Мне стало не по-летнему зябко. Там, за узеньким окошком, нещадно палило солнце и прохожие обливались потом. Но здесь, в этом сыром подземелье, я замерзала так, что зуб на зуб не попадал. Казалось, что кровь в венах почти заледенела. Сердце мое сжалось и еле билось. Поворочавшись на сыром колком тюфяке, я наконец провалилась в тяжелый сон.
Ночью я проснулась только один раз. Было так темно, что мне показалось, будто кто-то прижал к моему лицу руку в черной перчатке. Я услышала шарканье, какое-то сопение, а потом передо мной возникла рука и стала отпихивать на правую сторону тюфяка.
Я почти забыла, где я, и уже хотела позвать маму. Но когда зашуршала солома, сразу вспомнила все, что произошло накануне: красивые платья в витрине, разноцветные ленты, плачущую маму… И безапелляционный тон мисс Кейт: «Она слева, ты справа!» Точно, я ведь должна делить с кем-то один тюфяк!
Эта девушка, рядом с которой мне теперь суждено спать… От нее исходил какой-то запах. Не то чтобы неприятный, просто странный. Чужой. Я подумала: а что она будет делать, если я закричу среди ночи, когда мне опять привидятся лужи крови повсюду? Как я поняла, на сочувствие здесь рассчитывать не приходится.
Постепенно становилось теплее. В подвале, посапывая на разные лады, спали девушки. Человек шесть, наверное? Сложно сказать. Безликие безымянные девушки. Я лежала в этой липкой темноте и жалела их всех.
Девушка, что спала рядом со мной, не храпела.
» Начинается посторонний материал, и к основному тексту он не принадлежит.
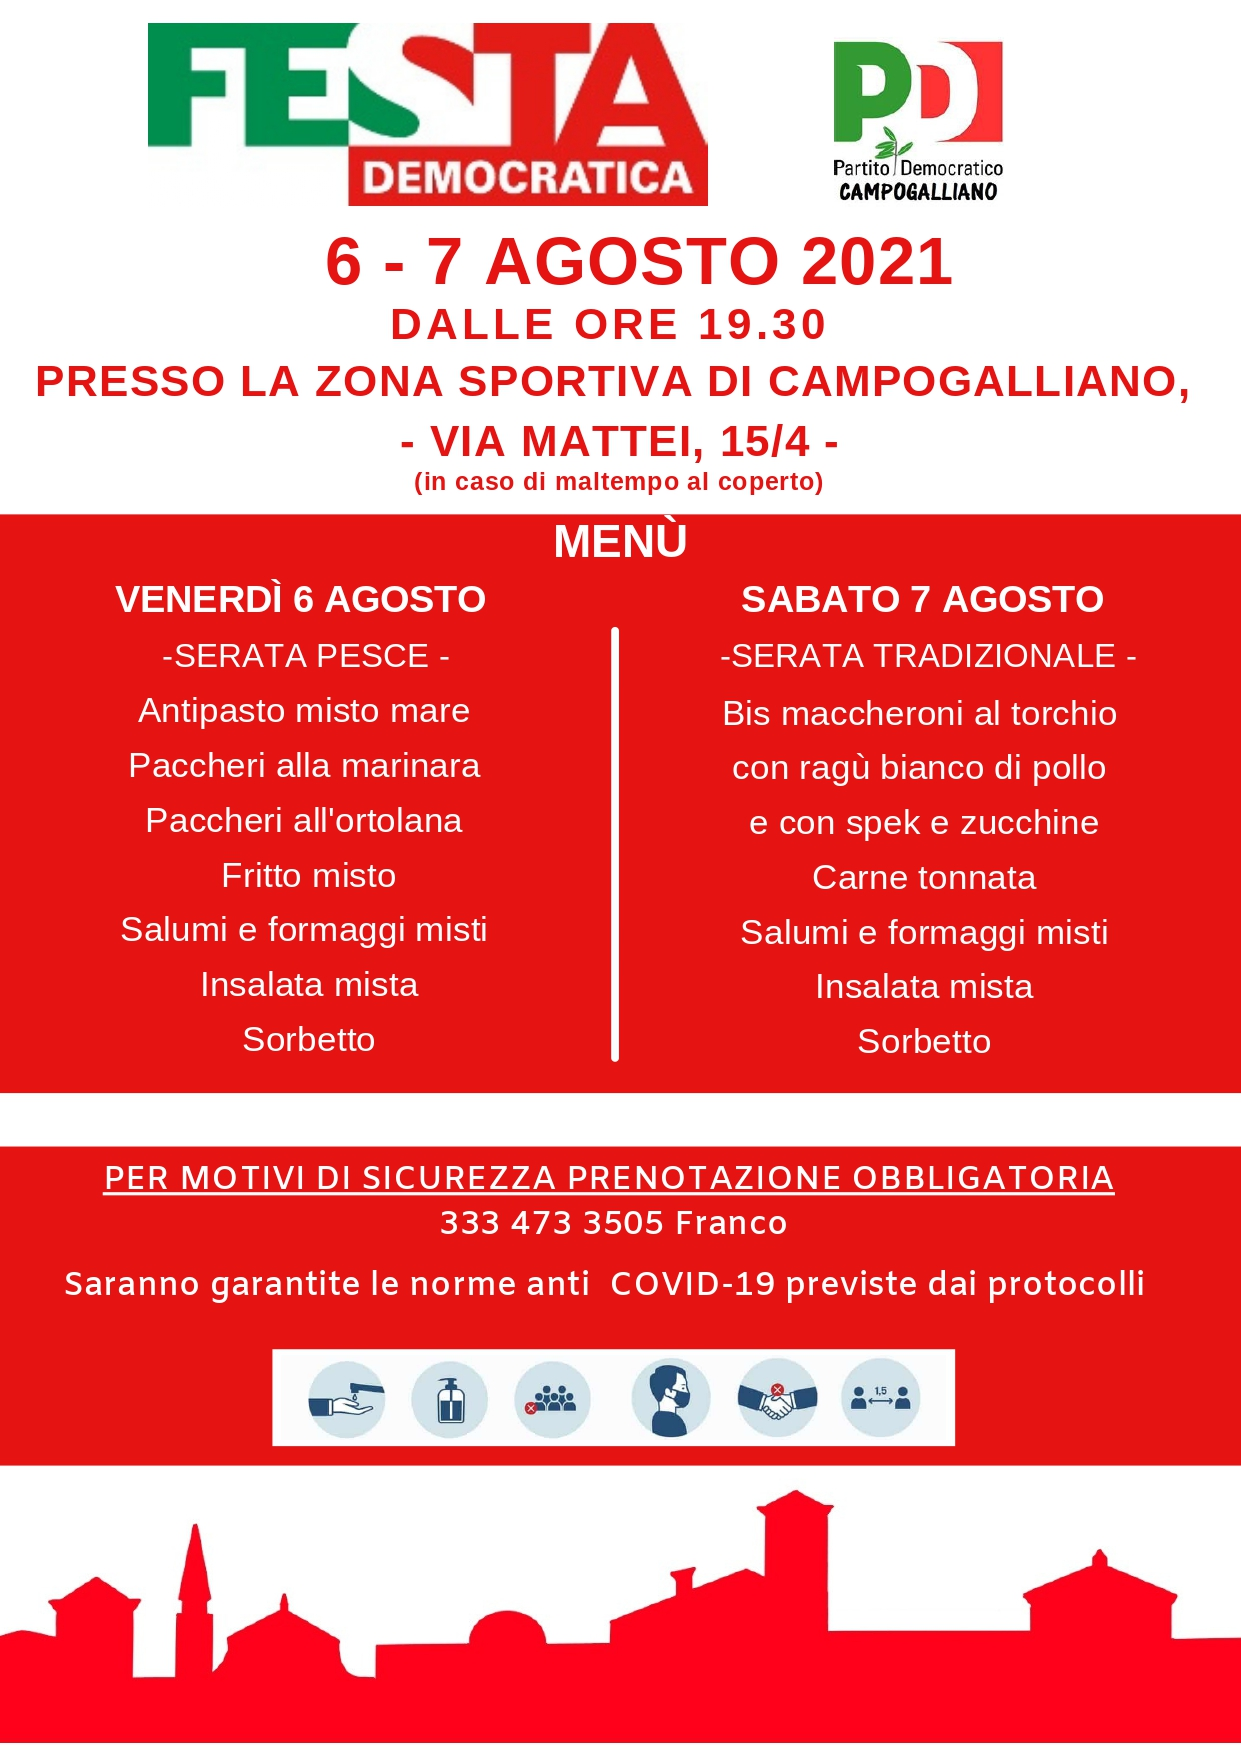 Festa a Campogalliano
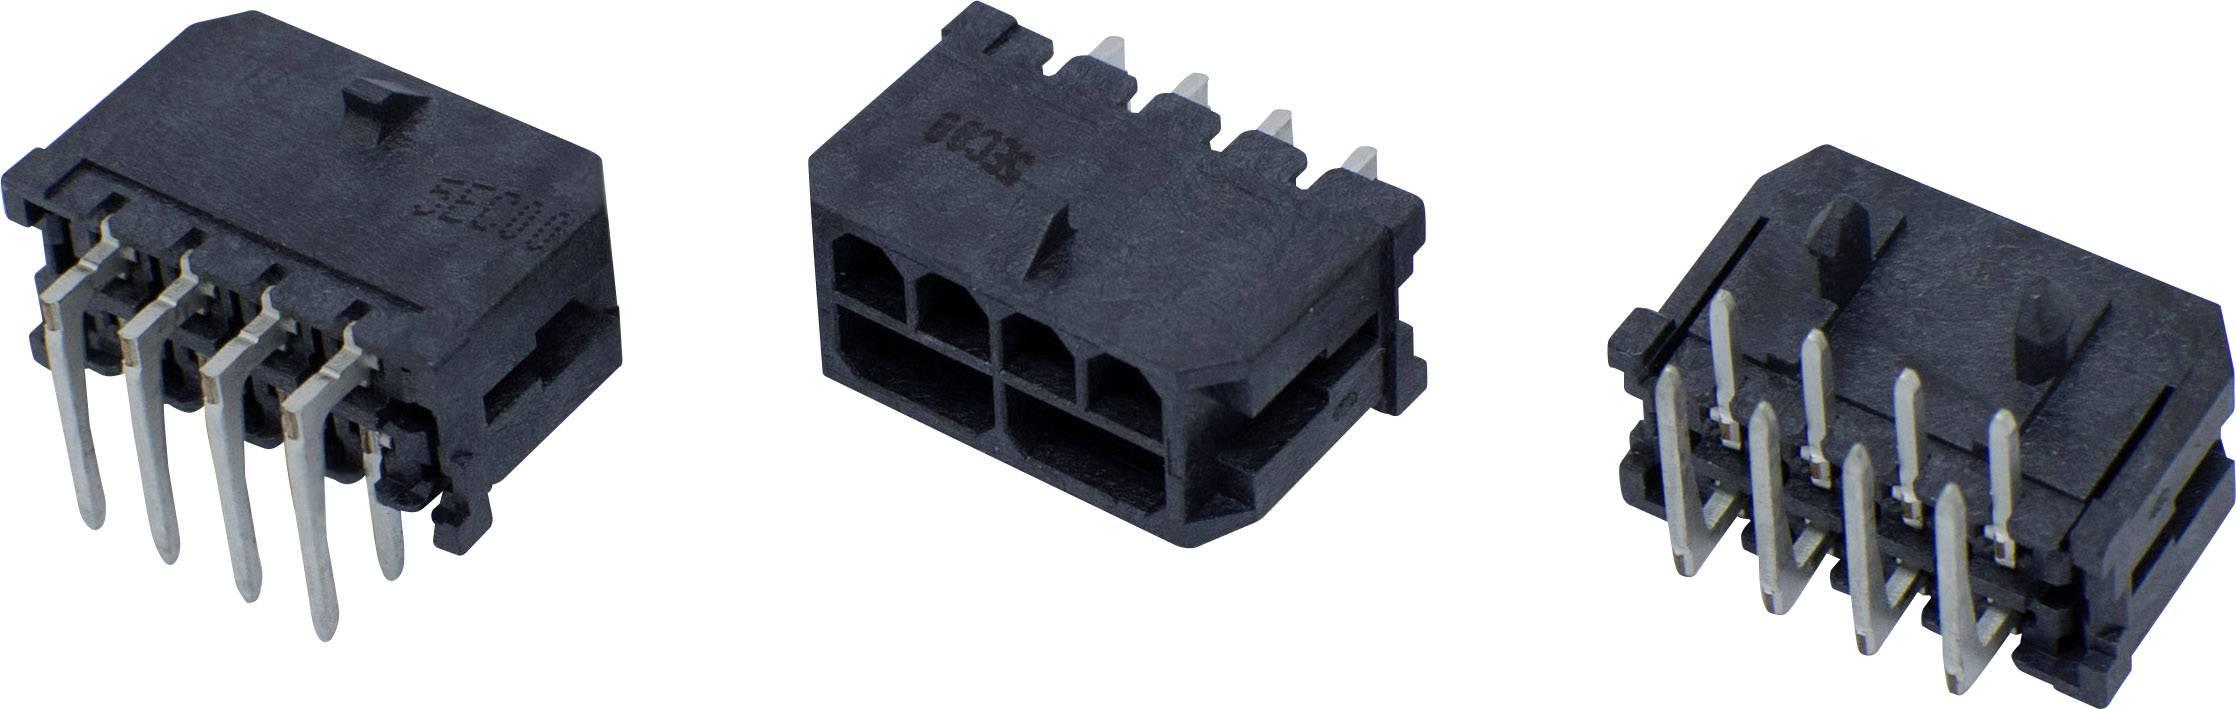 Pinová lišta (štandardná) BellWether 70095-0208, pólů 2, rozteč 3 mm, 1 ks

Она даже не шевелилась. Единственное, что доносилось до меня, – какое-то еле слышное клацанье. Словно она стучала зубами во сне.
Я осторожно перевернулась на спину. Боковым зрением я теперь могла видеть свою соседку. Она лежала неподвижно, как мумия. Руки скрещены на груди, глаза открыты и смотрят в потолок. Белки сверкают в темноте.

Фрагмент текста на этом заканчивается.